Data excerpt -
******
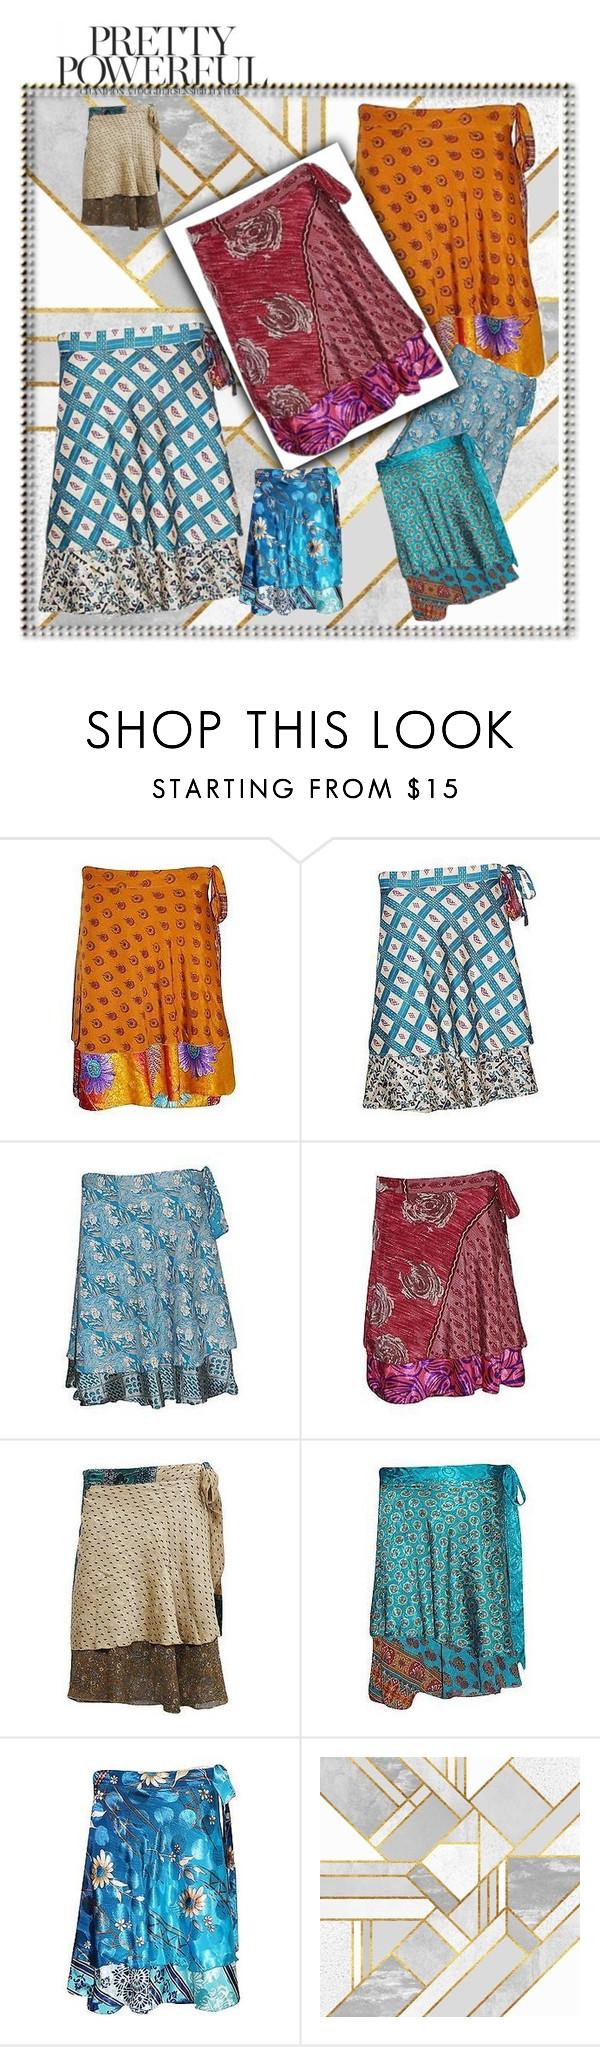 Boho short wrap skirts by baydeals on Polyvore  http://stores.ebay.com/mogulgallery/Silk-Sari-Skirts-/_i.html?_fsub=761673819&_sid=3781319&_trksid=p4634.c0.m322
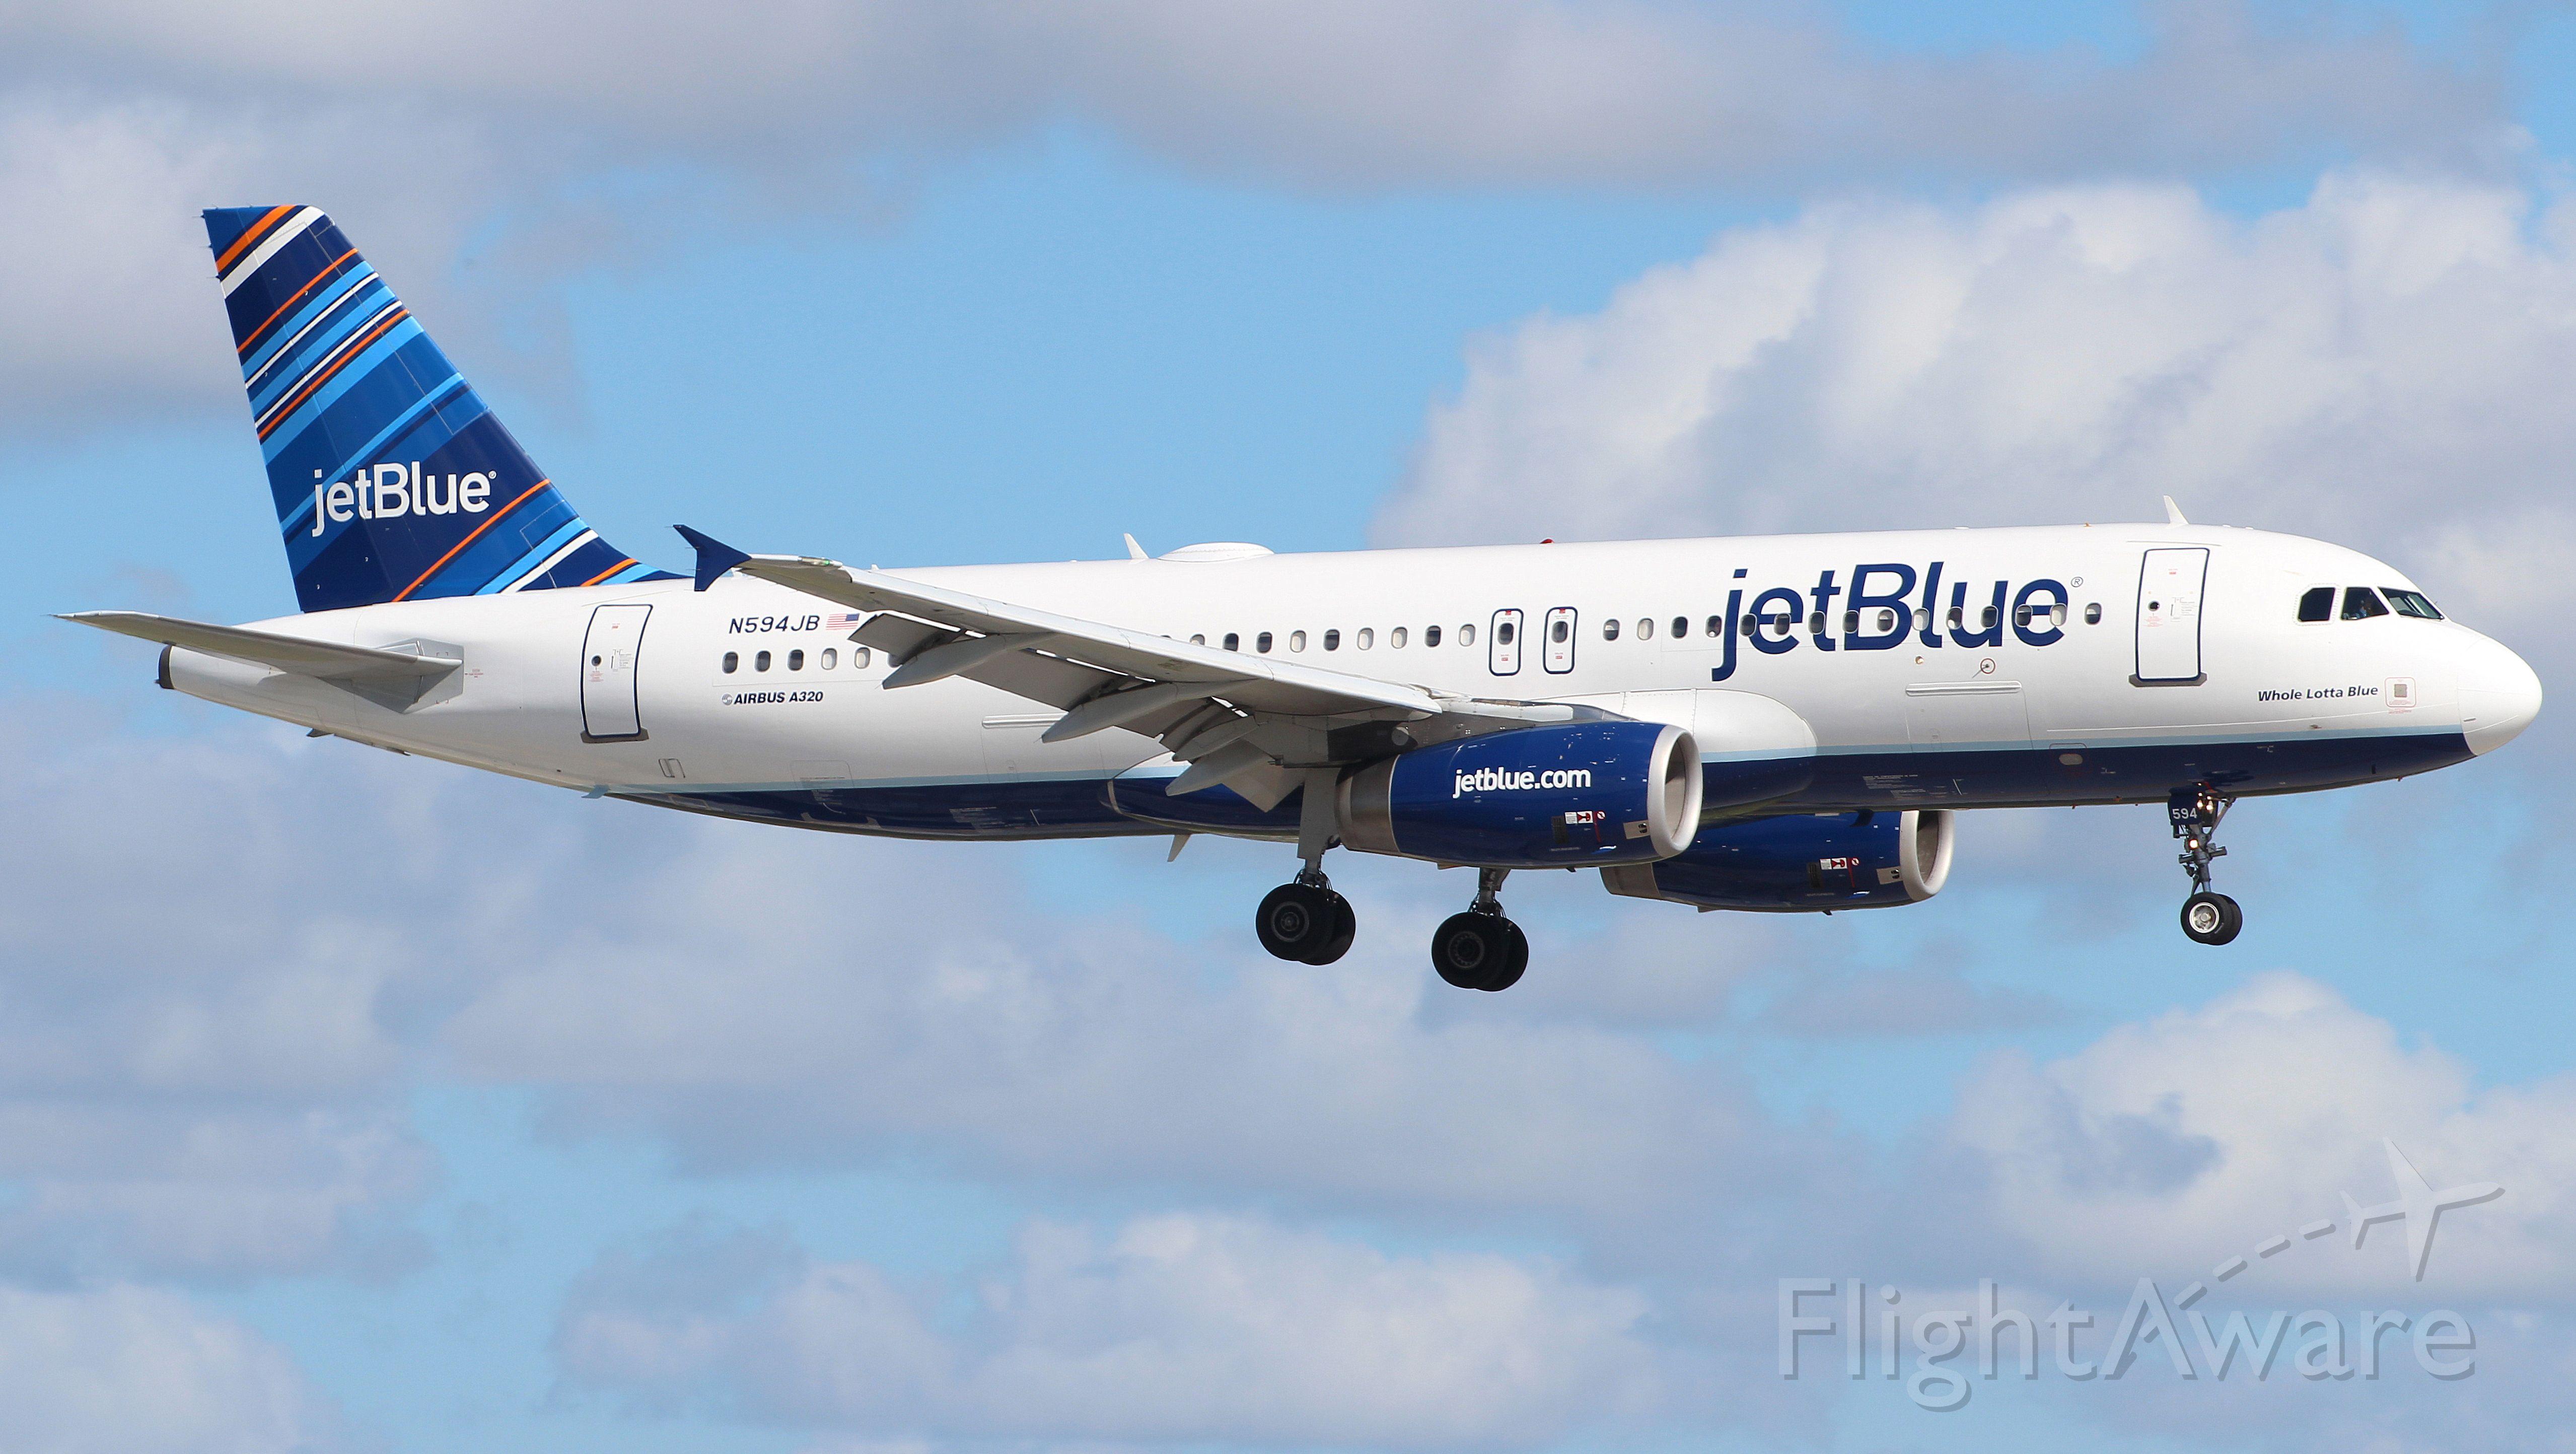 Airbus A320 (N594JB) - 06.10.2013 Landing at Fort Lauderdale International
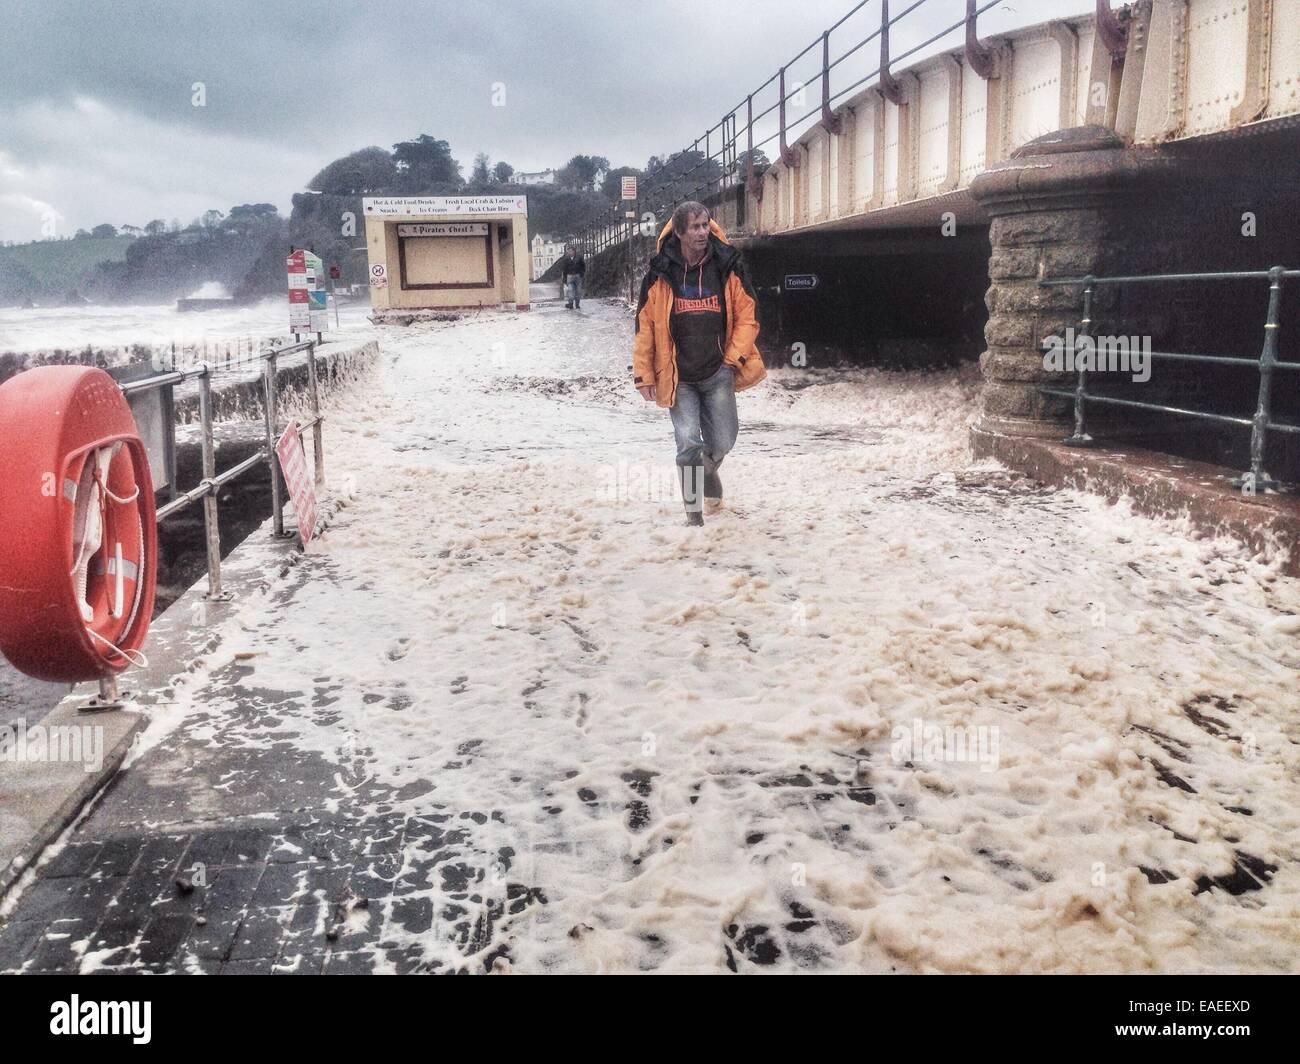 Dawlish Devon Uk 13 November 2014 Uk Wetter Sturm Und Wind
******
The data above must be given back verbatim, minus its images.

 Boho short wrap skirts by baydeals on Polyvore  http://stores.ebay.com/mogulgallery/Silk-Sari-Skirts-/_i.html?_fsub=761673819&_sid=3781319&_trksid=p4634.c0.m322
 Airbus A320 (N594JB) - 06.10.2013 Landing at Fort Lauderdale International
 Dawlish Devon Uk 13 November 2014 Uk Wetter Sturm Und Wind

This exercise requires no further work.